¿Se retiraron piezas clave en Adamuz? La CIAF responde
El presidente de la Comisión de Investigación de Accidentes Ferroviarios (CIAF), Iñaki Barrón, ha salido al paso de la controversia generada en torno a la retirada de piezas de la zona del accidente ferroviario de Adamuz (Córdoba).
Según ha aclarado este jueves en Zaragoza, el material extraído por Adif “no es crítico” porque “no estaba exactamente en el punto donde se sospecha que se produjo el descarrile”.
Barrón ha reconocido que “ha habido una parte de malentendido”, pero ha insistido en que todo lo que intervenía directamente en el siniestro —especialmente las soldaduras y los elementos vinculados a la rotura del carril— “ya estaba precintado y reservado” para su análisis.
Qué se retiró realmente del lugar del accidente
Lo primero que se extrajo fueron “trozos de carril donde se había producido la rotura de las soldaduras y muestras de los carriles de al lado”, al considerarse material relevante para esclarecer las causas del descarrilamiento.
Posteriormente, se quiso preservar “alguna pieza más”, aunque Barrón ha subrayado que no se trata de elementos determinantes para la investigación.
“No lo consideramos fundamental como para llevarse las manos a la cabeza. No hemos destruido nada, las piezas están y vamos a ver cómo procedemos”, ha afirmado.
Una investigación “simple” en apariencia, pero compleja
La CIAF mantiene que el caso se encuentra en una fase “muy preliminar”. Barrón ha definido el siniestro como un “accidente simple, pero muy complejo de destripar” desde el punto de vista técnico.
El principal interrogante sigue siendo la mecánica exacta del descarrilamiento. “Todavía tenemos que saber lo más importante: cuál fue exactamente la mecánica del descarrile”, ha señalado, remarcando que el objetivo final es formular recomendaciones para evitar que vuelva a producirse un caso similar.

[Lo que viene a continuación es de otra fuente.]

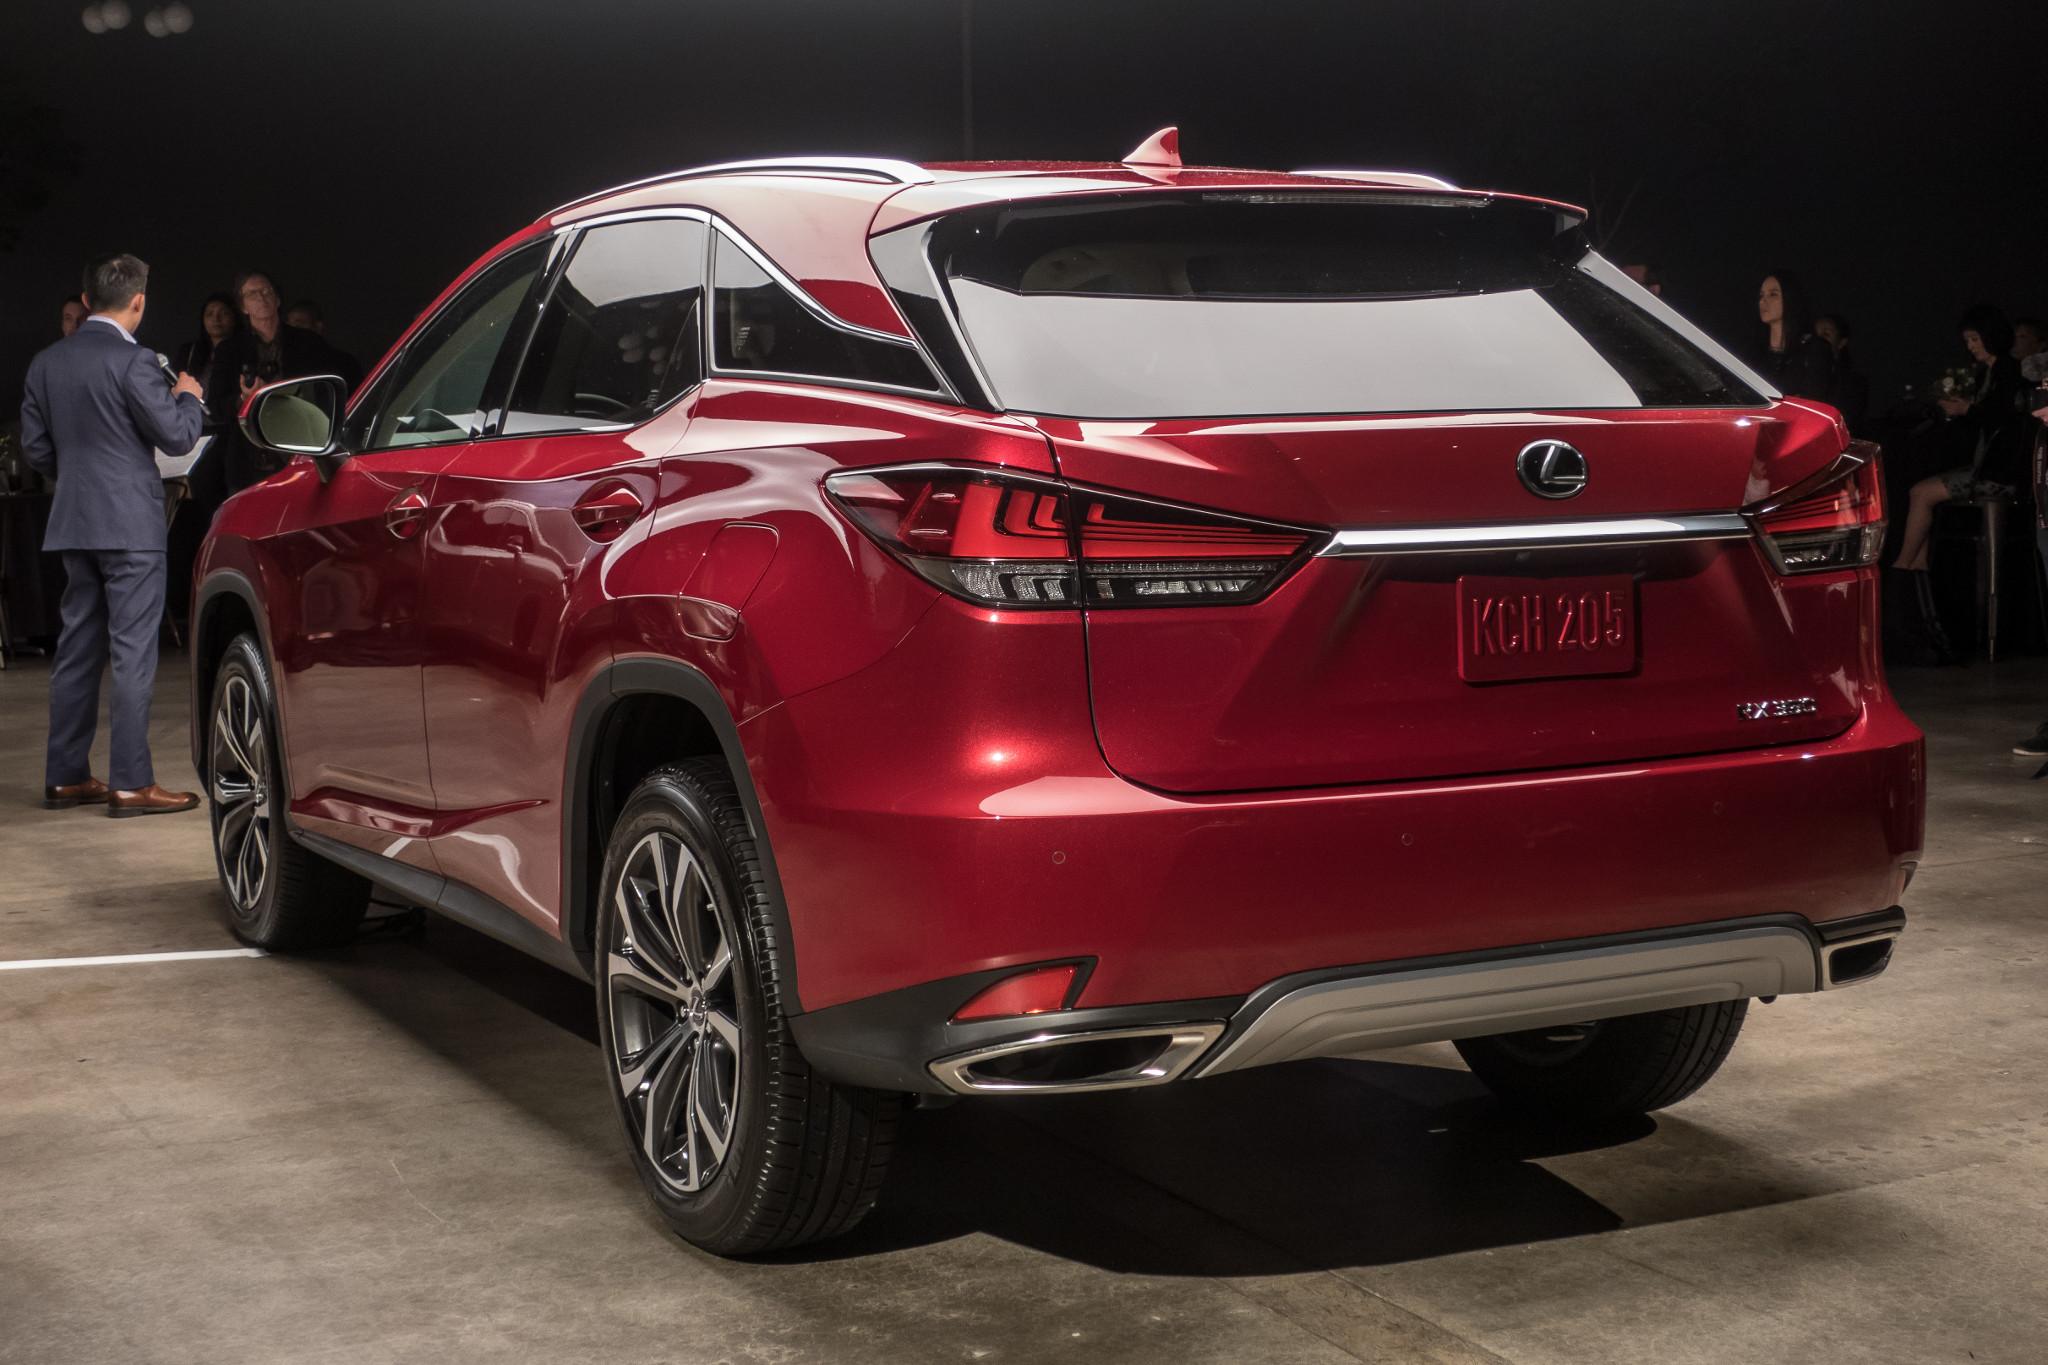 2021 lexus rx 350 release date  car wallpaper

Polémica por una posible incompatibilidad en la comisión
La controversia no se limita a las piezas retiradas. En los últimos días también se ha cuestionado la participación de uno de los vocales de la comisión por una posible incompatibilidad profesional.
Según Barrón, fue el propio vocal quien comunicó formalmente su retirada de las decisiones relativas al caso Adamuz, aunque sigue participando en el resto de investigaciones. Esta posibilidad, ha recordado, está prevista en el decreto que regula el funcionamiento de la CIAF.
“Yo mismo, si tuviera un familiar o alguna implicación personal, tendría que inhibirme”, ha explicado.
La dimisión que generó más dudas
Otro de los puntos que generó sospechas fue la retirada de un vocal experto en material rodante. Barrón ha aclarado que presentó su dimisión en junio por motivos personales y que no participaba en los plenos desde septiembre.
El problema, ha reconocido, fue que su nombre seguía apareciendo en la página web oficial de la comisión. “Se nos olvidó quitarlo”, ha admitido, asegurando que la interpretación posterior fue “libre y errónea”. “No hay ningún problema con los vocales, no hay ningún problema con el pleno y no hay ningún problema de funcionamiento”, ha concluido, adelantando que ya se busca sustituto.